--- RECORDED INFORMATION ---
▬▬▬▬▬▬▬▬▬▬

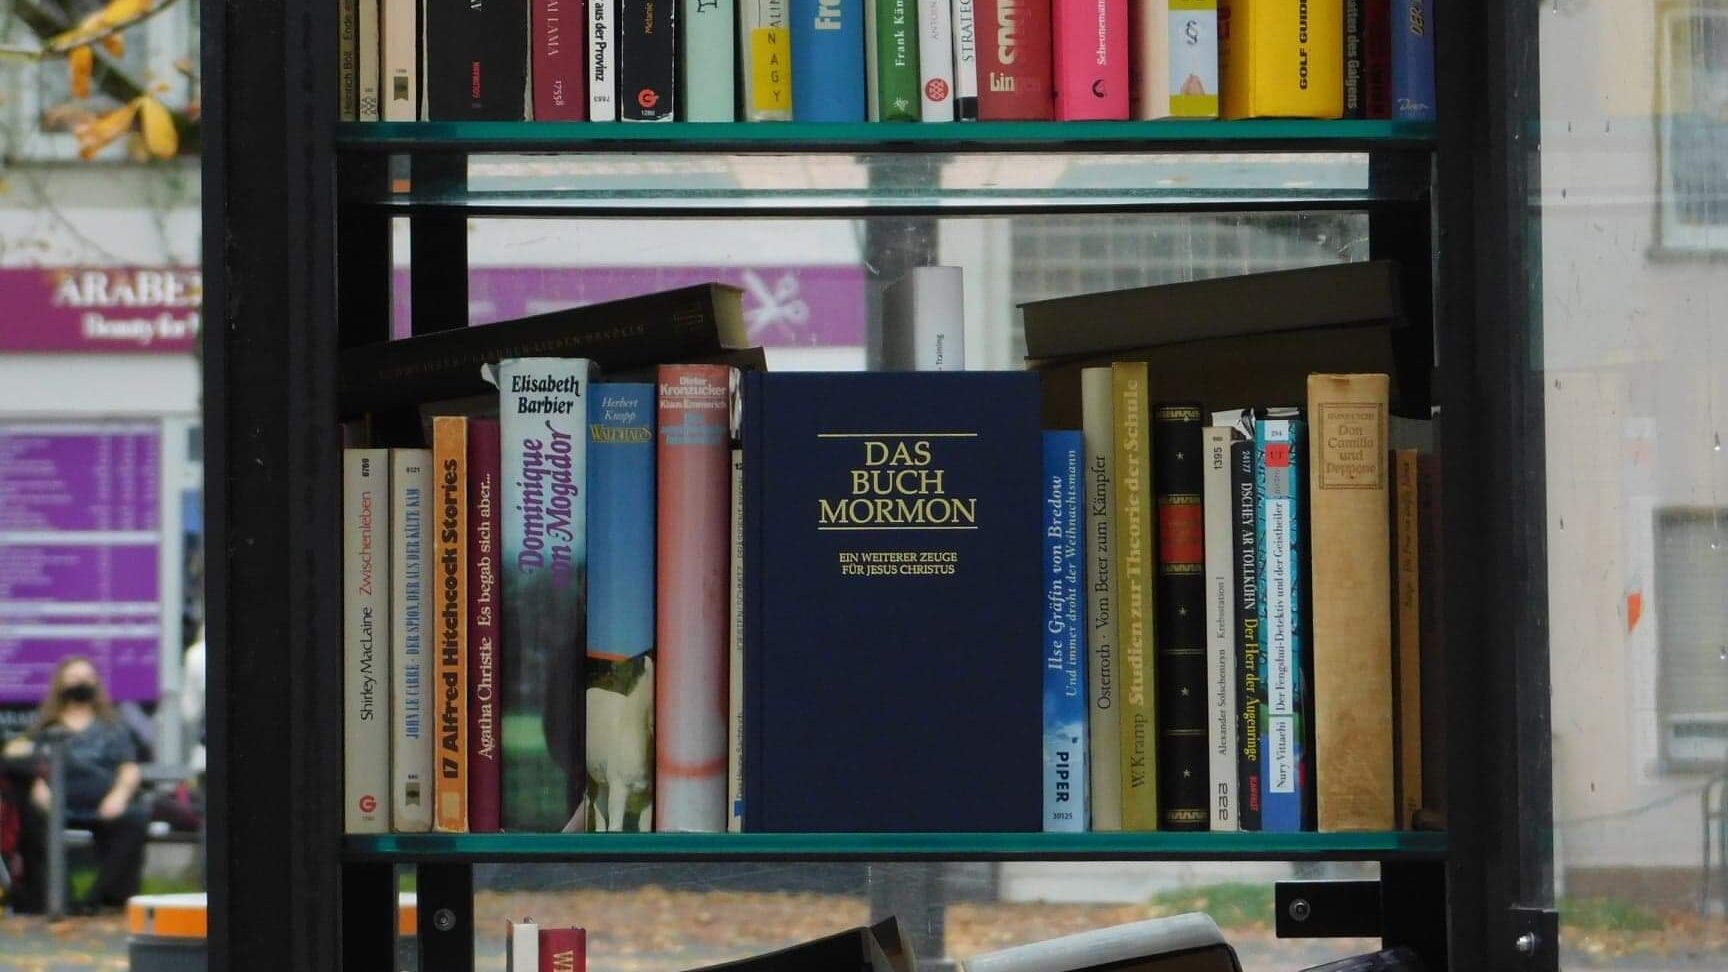 Übersetztes Buch von Joseph Smith im Bücherregal
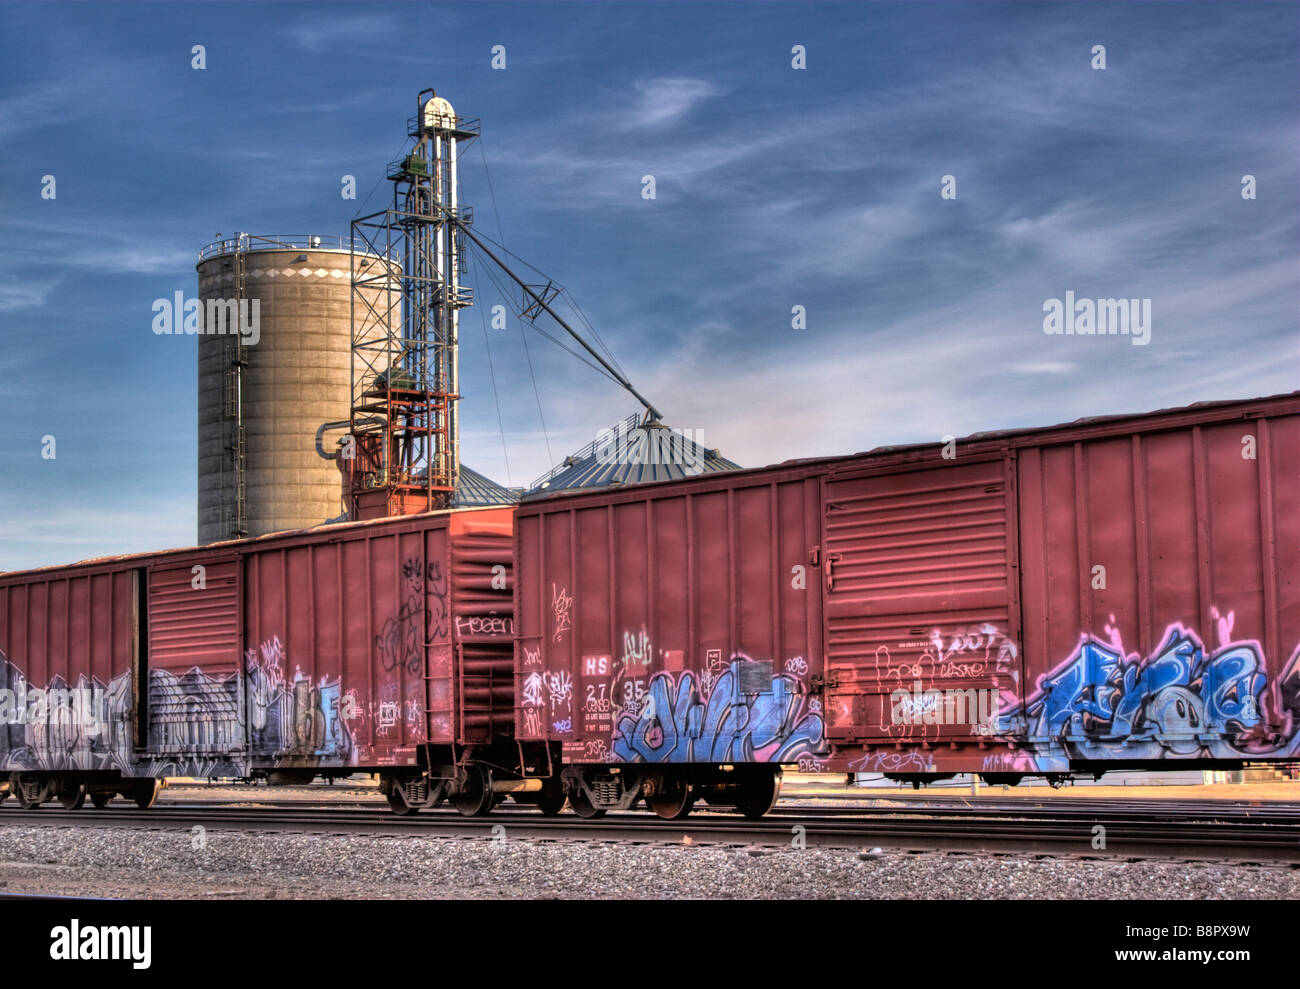 Immagine hdr di colorati graffiti coperto treno merci le automobili con un elevatore della granella Foto Stock
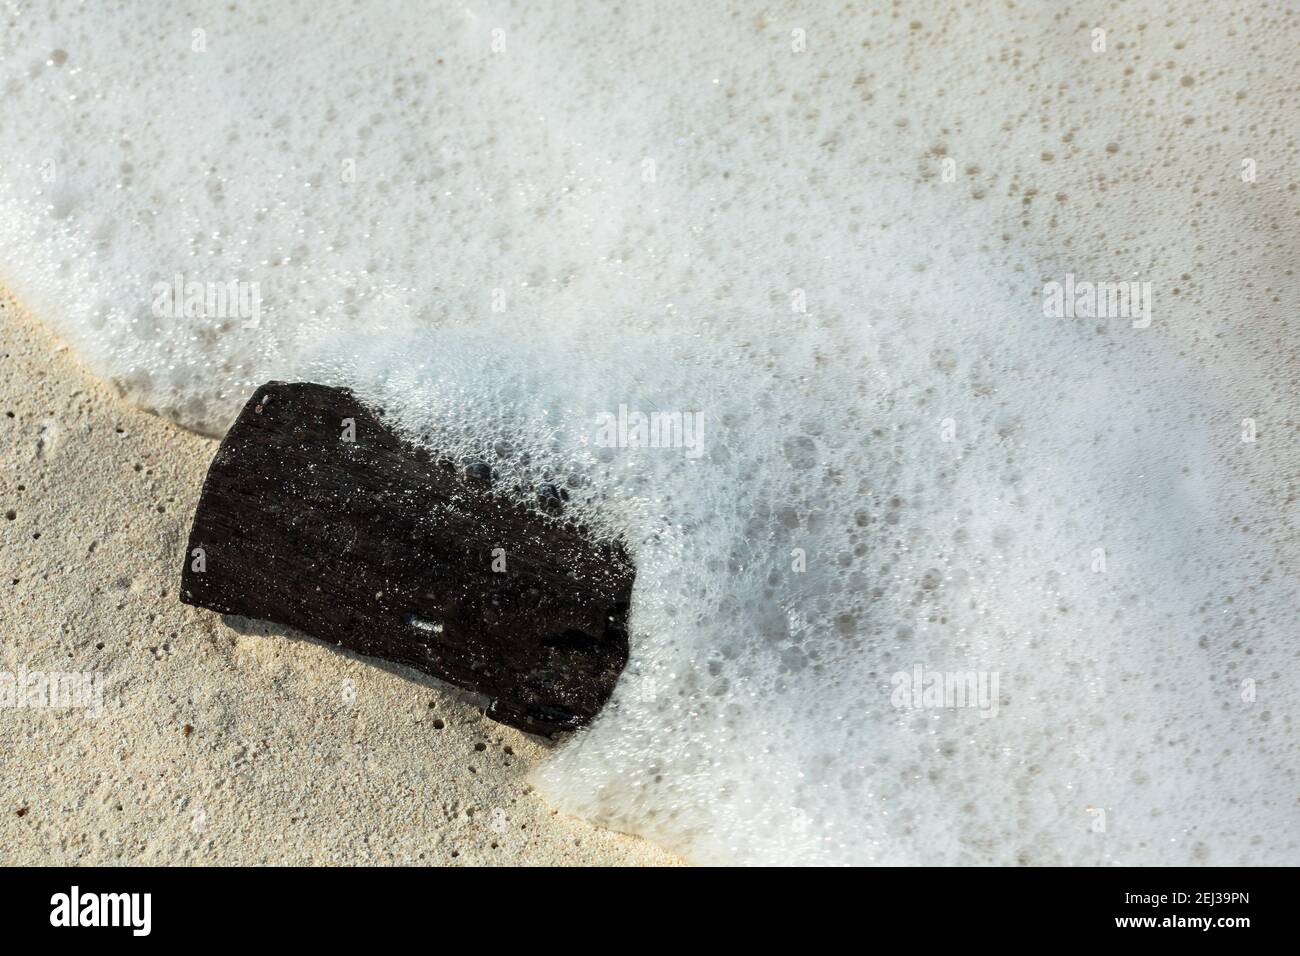 Eine schwarze Kohle an Land gewaschen Stockfoto

▬▬▬▬▬▬▬▬▬▬

--- WORK ORDER ---
Provide the listing above once more, exactly, with the pictures removed.

--- EXERCISE OUTPUT ---
 Übersetztes Buch von Joseph Smith im Bücherregal
 Immagine hdr di colorati graffiti coperto treno merci le automobili con un elevatore della granella Foto Stock
 Eine schwarze Kohle an Land gewaschen Stockfoto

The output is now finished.